* [What to do] The line containing "Larusmiani Carbon Fiber", plus every line that follows it to the end of the listing below, is what you transcribe exactly; omit all pictures.

* [Supplied material]

——————————

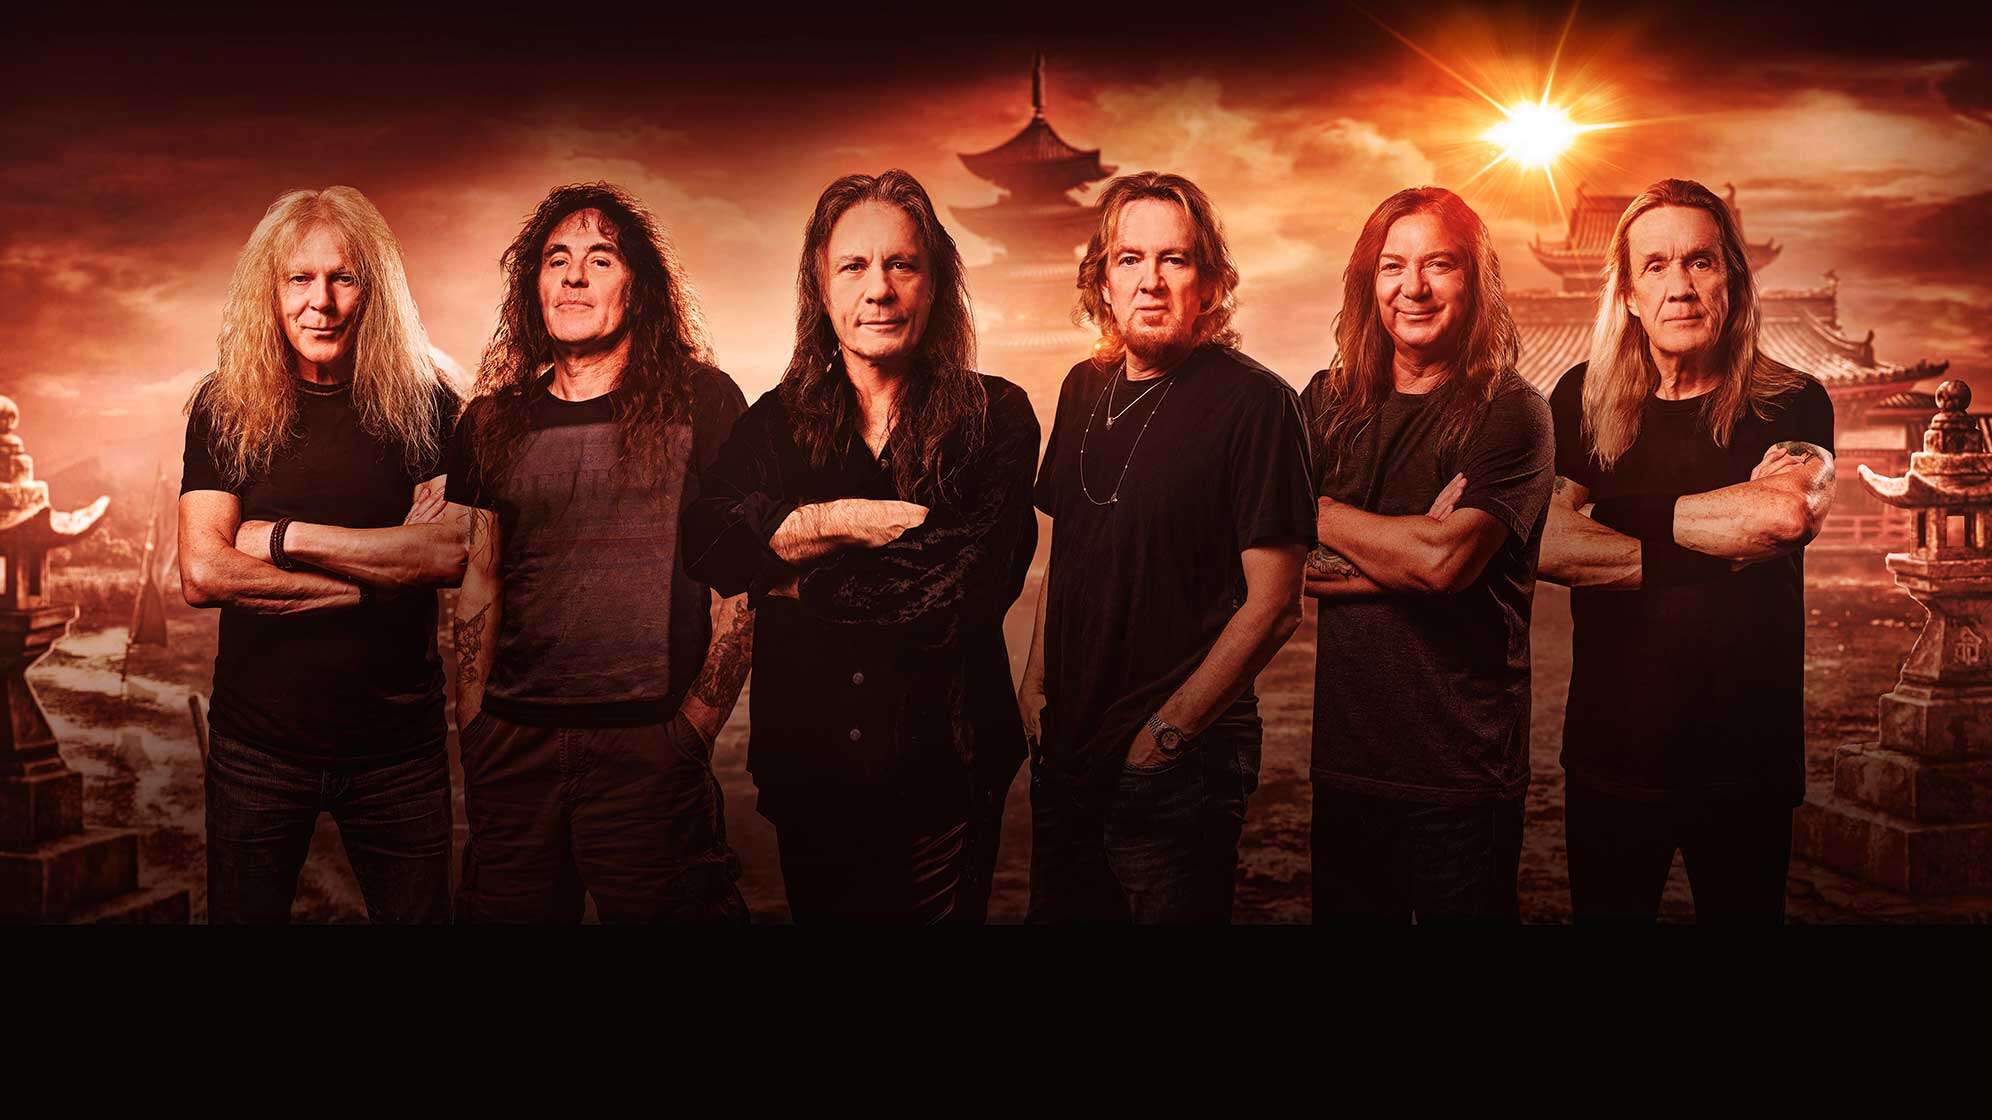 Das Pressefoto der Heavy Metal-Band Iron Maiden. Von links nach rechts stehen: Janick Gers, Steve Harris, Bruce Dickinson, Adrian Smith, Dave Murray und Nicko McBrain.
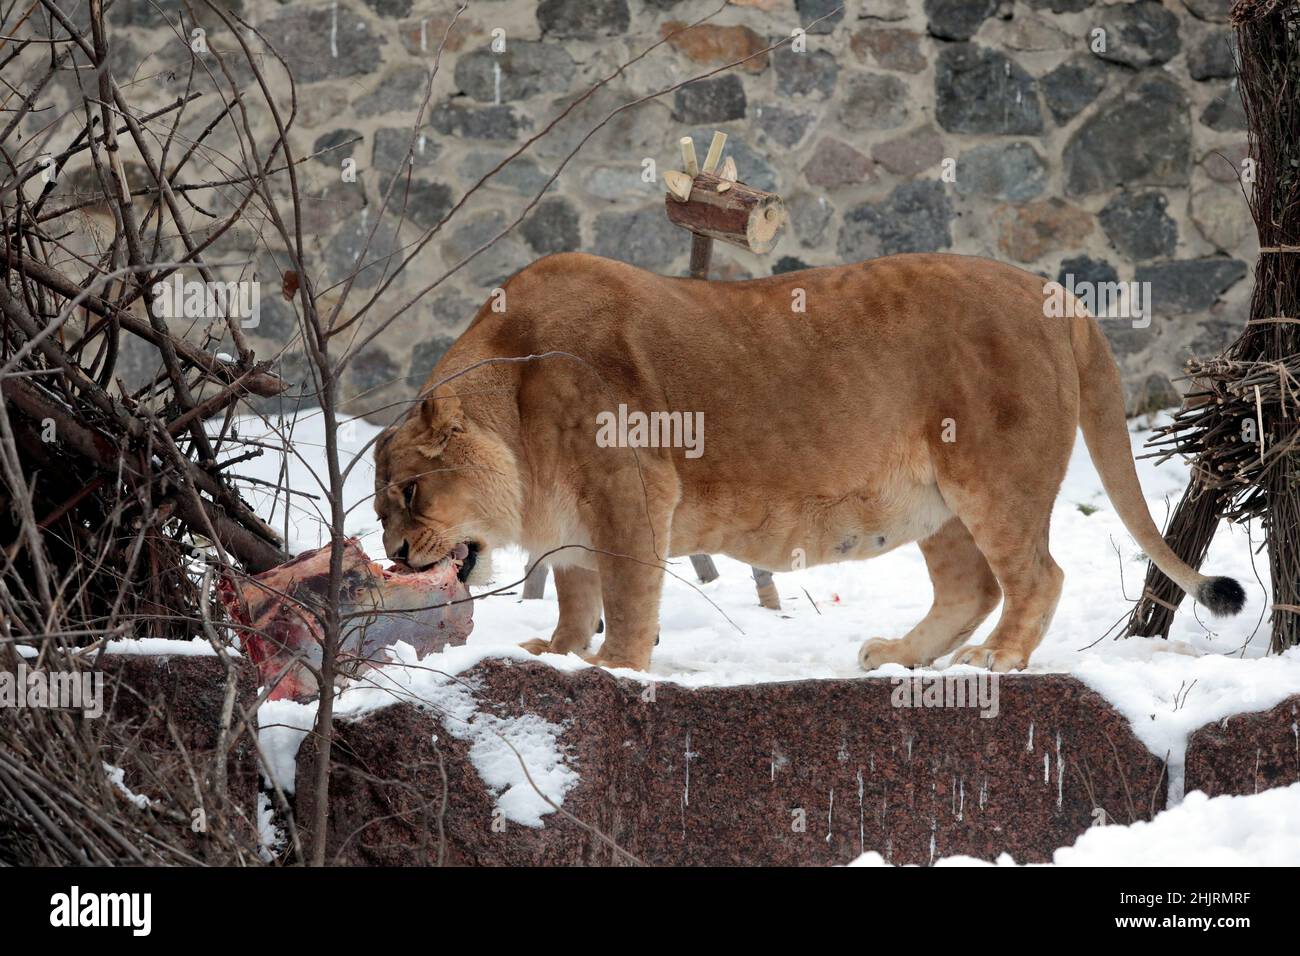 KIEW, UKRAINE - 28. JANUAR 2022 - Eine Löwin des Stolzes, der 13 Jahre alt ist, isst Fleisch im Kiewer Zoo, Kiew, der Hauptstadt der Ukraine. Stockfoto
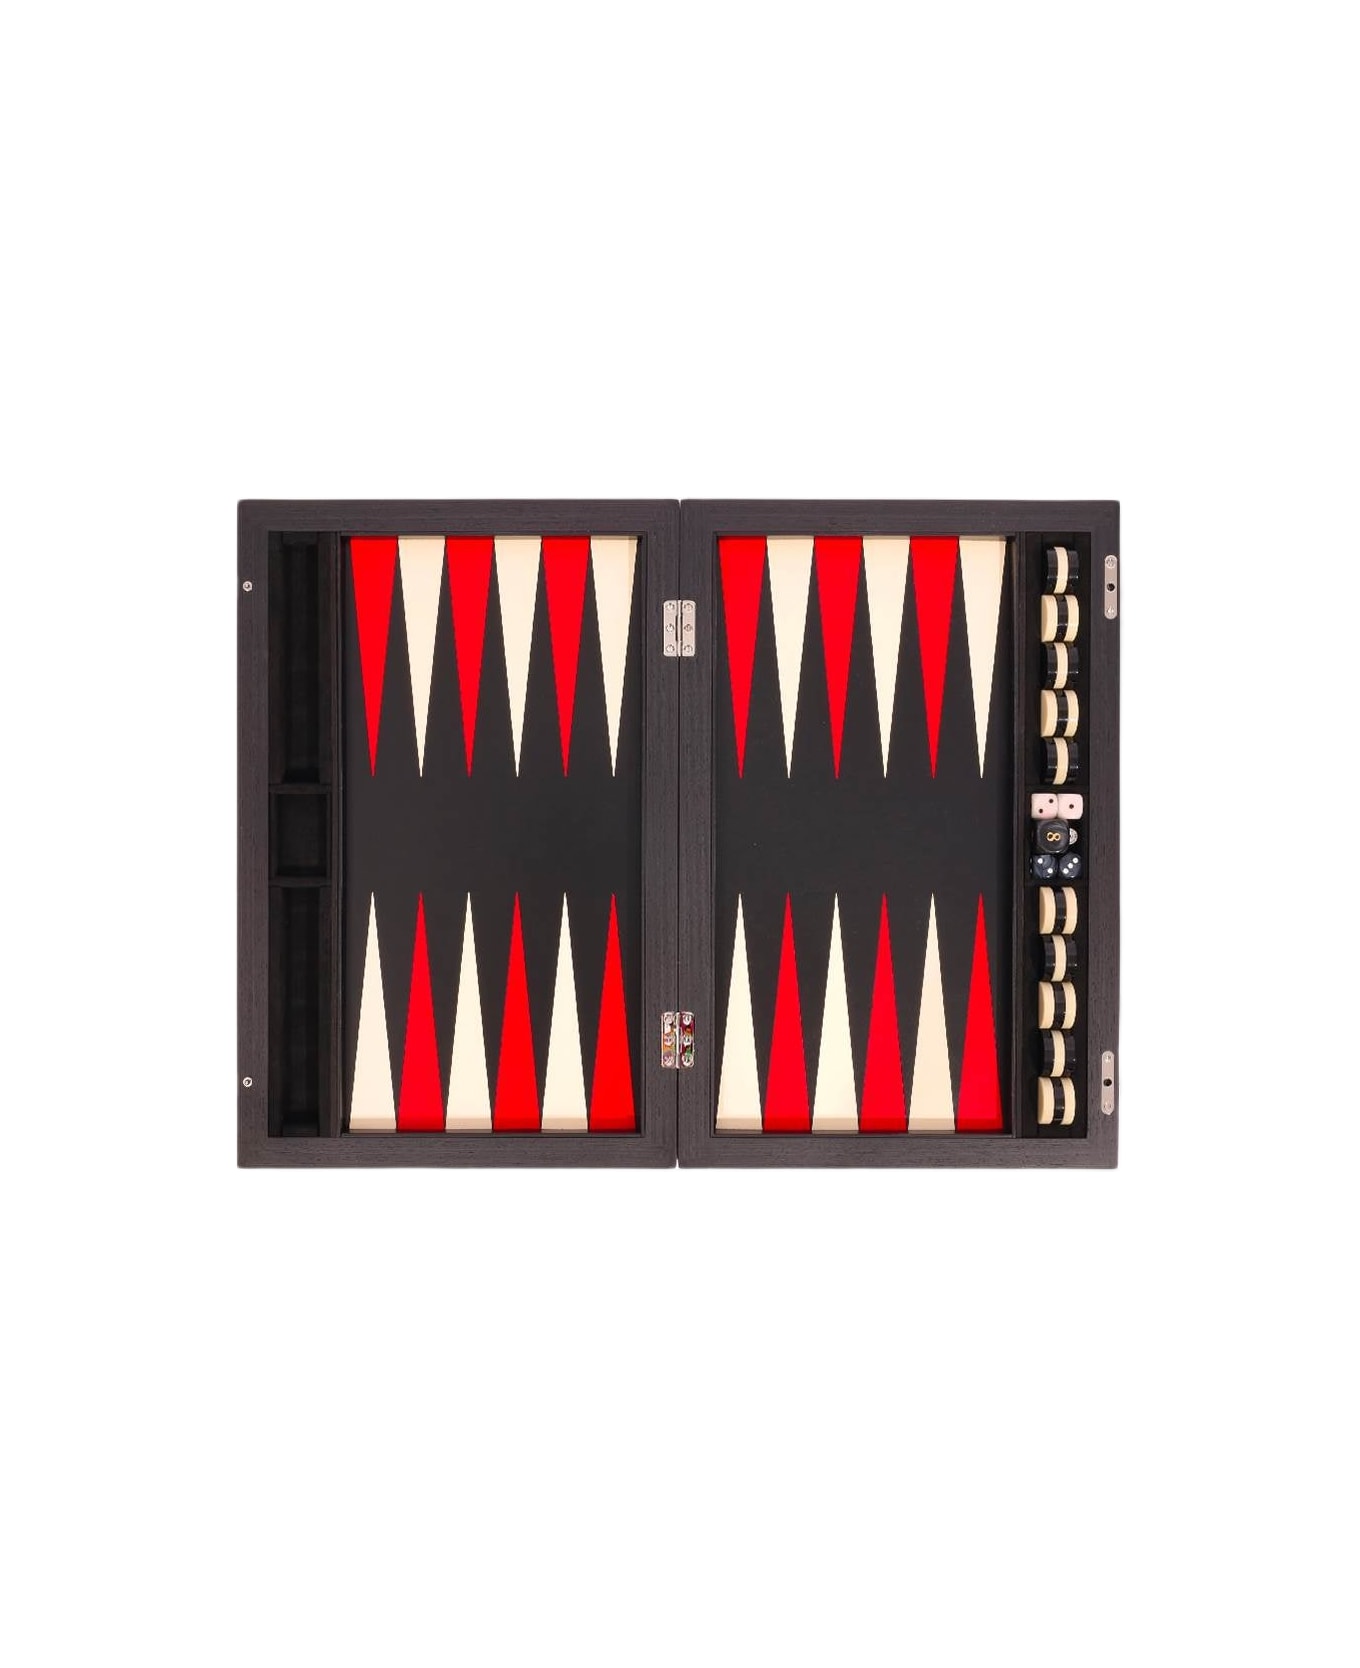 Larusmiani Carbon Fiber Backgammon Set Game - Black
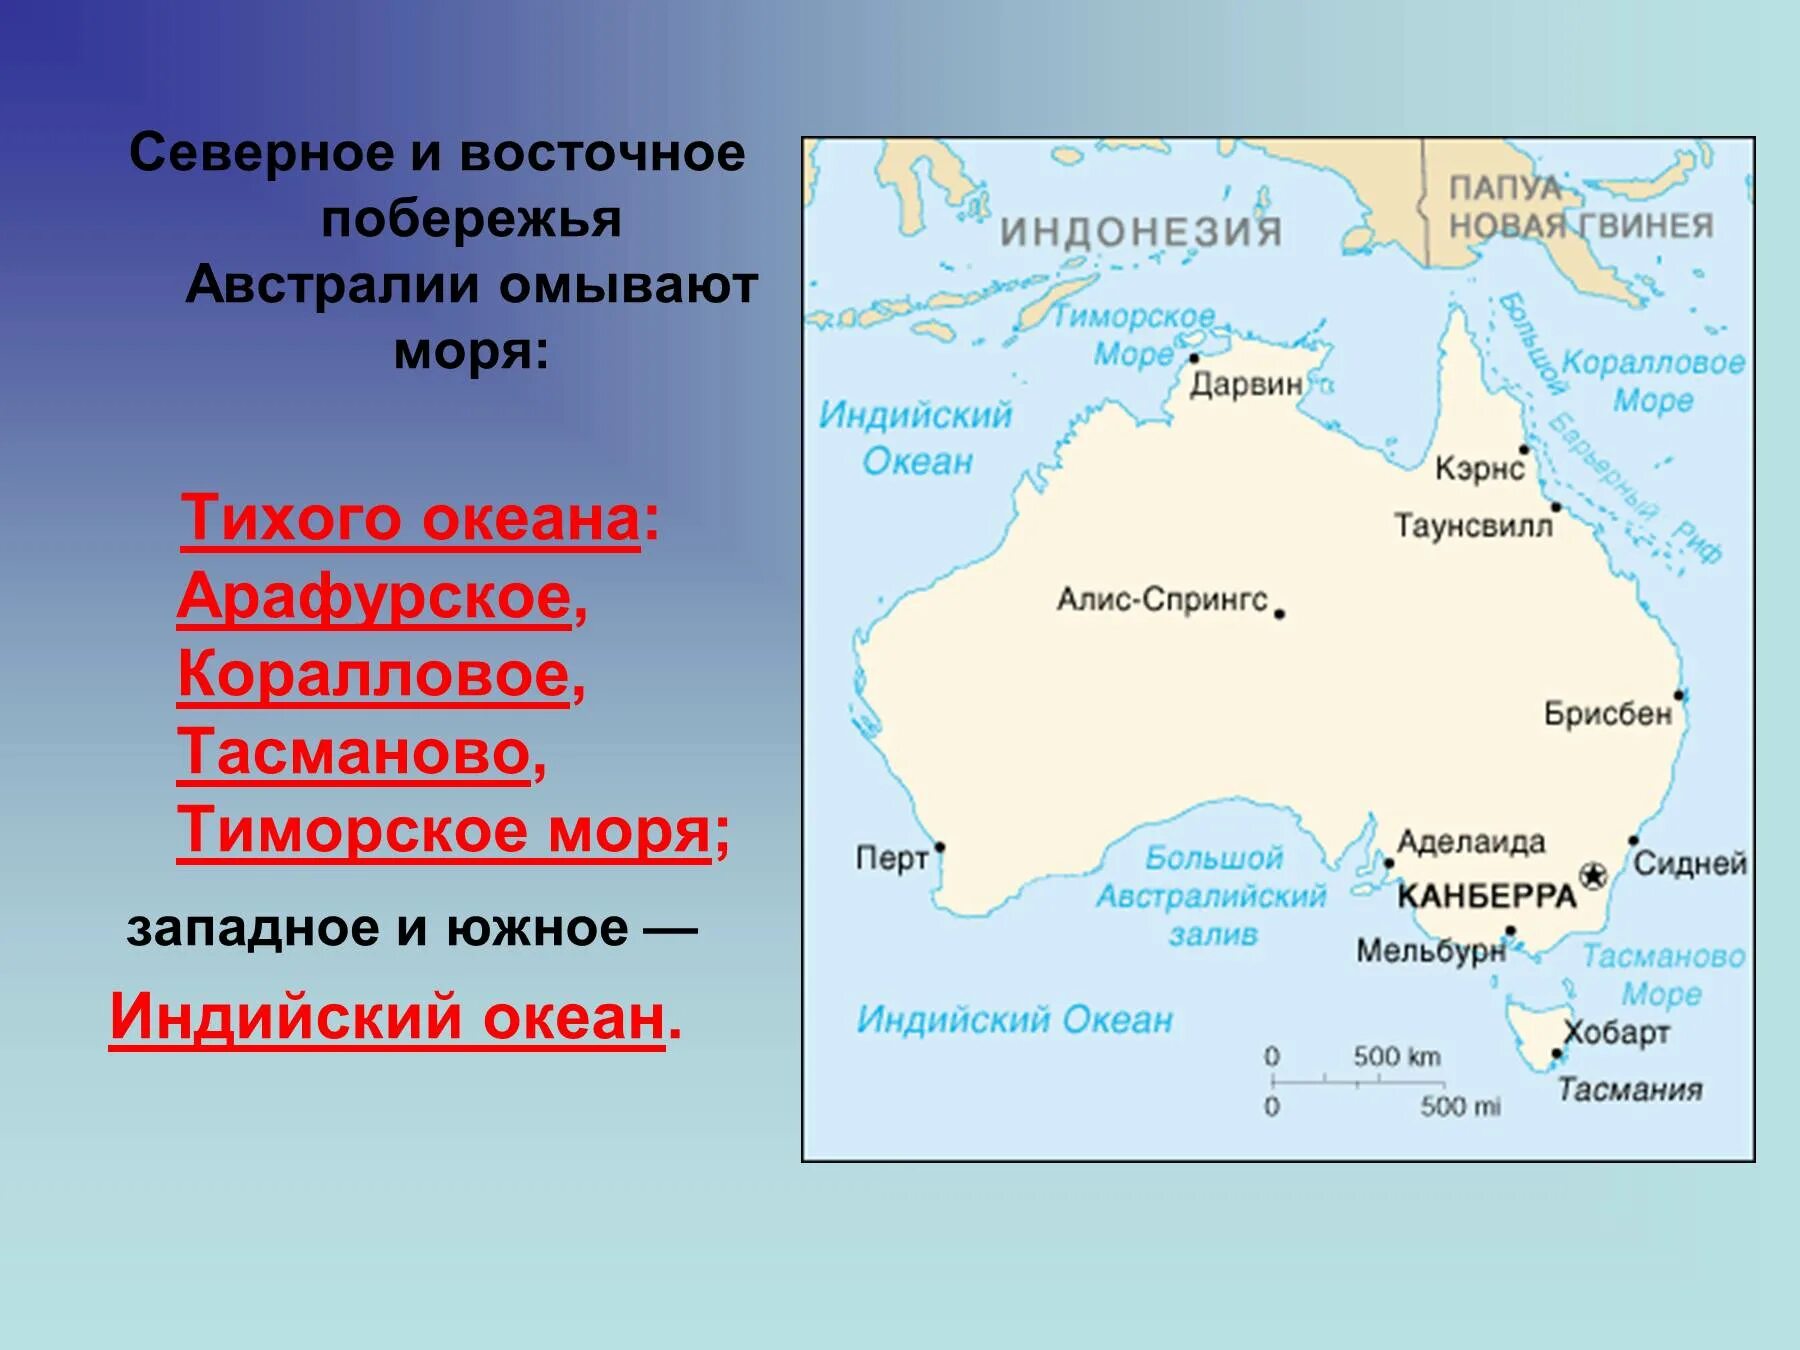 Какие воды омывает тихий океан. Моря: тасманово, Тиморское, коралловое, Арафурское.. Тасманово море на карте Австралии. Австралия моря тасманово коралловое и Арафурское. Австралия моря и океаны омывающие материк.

——————————

* [Response to the exercise]
 Larusmiani Carbon Fiber Backgammon Set Game - Black
 Какие воды омывает тихий океан. Моря: тасманово, Тиморское, коралловое, Арафурское.. Тасманово море на карте Австралии. Австралия моря тасманово коралловое и Арафурское. Австралия моря и океаны омывающие материк.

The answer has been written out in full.